Other than POV, there are also techniques that use perspective to manipulate what we know in a narrative.

  1. Audience Surrogate

    In some stories, a certain character becomes the representative of the confusion the audience experiences when discovering a story for the first time. This often works with first-person POV stories wherein the narrator is not the protagonist. The most popular example of this technique is Dr. John Watson from the Sherlock Holmes stories of Sir Arthur Conan Doyle.

  2. Author Surrogate

    While self-insertion is a pretty arrogant move and is often looked down on in fiction, some authors still manage to insert versions of themselves in their work. These characters, called author surrogates, presents the views and opinions of the author with the author being detached from the work.

  3. Fourth-Wall Break

    This is the technique of referring to the audience directly in a narrative. Sometimes, this is to give a disclaimer to the story; other times it’s to make the audience feel like they’re part of that world. An example of this is Rick Riordan’s Percy Jackson and the Olympians: The Lightning Thief, where at the beginning Percy tells the audience that the story he was about to tell is true, at least from his perspective. This also appears in Kate DiCamillo’s The Tale of Despereaux, where the external narrator talks directly to the reader multiple times throughout the story.

  4. Defamiliarization

    This technique takes something that we already know and presents it as something else entirely.

  5. Magical Realism

    With this narrative technique, the narrator assumes that magic is something that happens in reality, and talking about is normal.

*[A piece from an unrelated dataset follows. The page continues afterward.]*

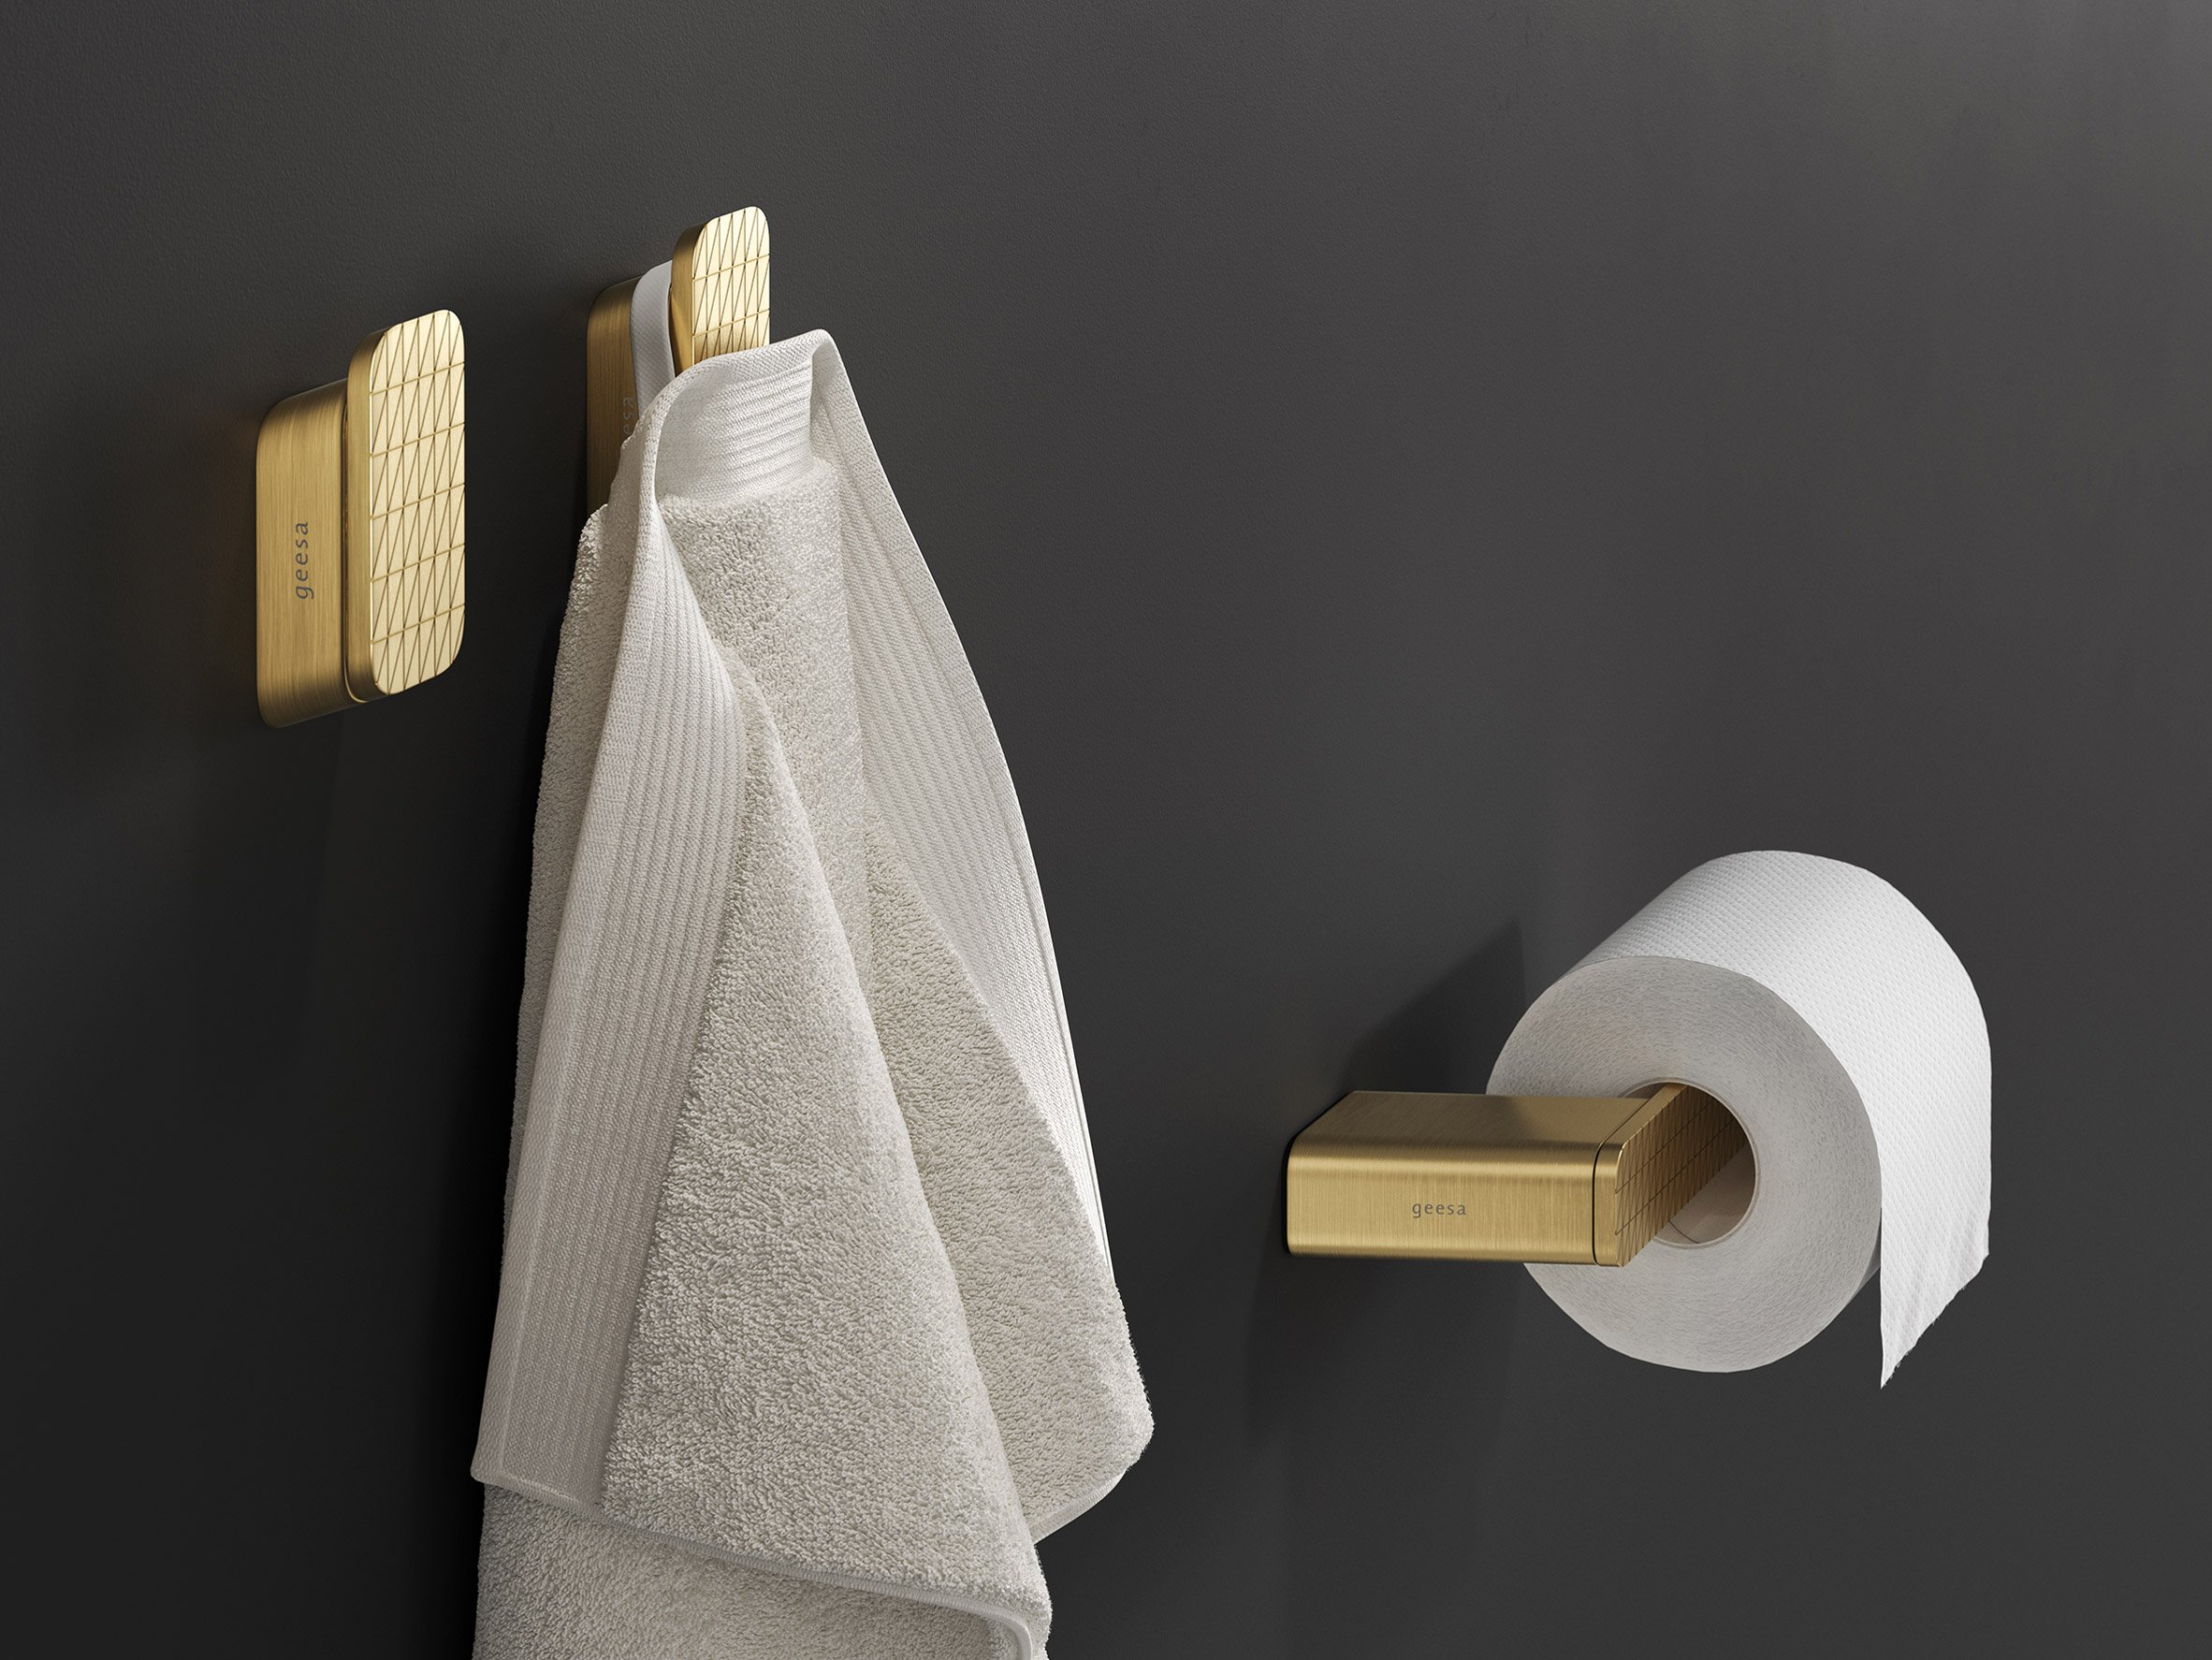 The Shift towel hook

  6. Stream of Consciousness

    A more personal style of narrative, the stream of consciousness is close to what one would call “word vomit.” Ideas made by the character are presented as it comes from their mind, without editing or without making an effort to make it coherent. An example comes from the film Bridget Jones’s Diary, which is told in first-person perspective and often switches to Bridget Jones’s thoughts as she writes in her diary.

There are plenty of ways to manipulate perspective into ways that could be beneficial to you and your work. By combining and carefully crafting a solid narrative perspective, you will be able to create a complex and compelling narrative that is impossible to put down.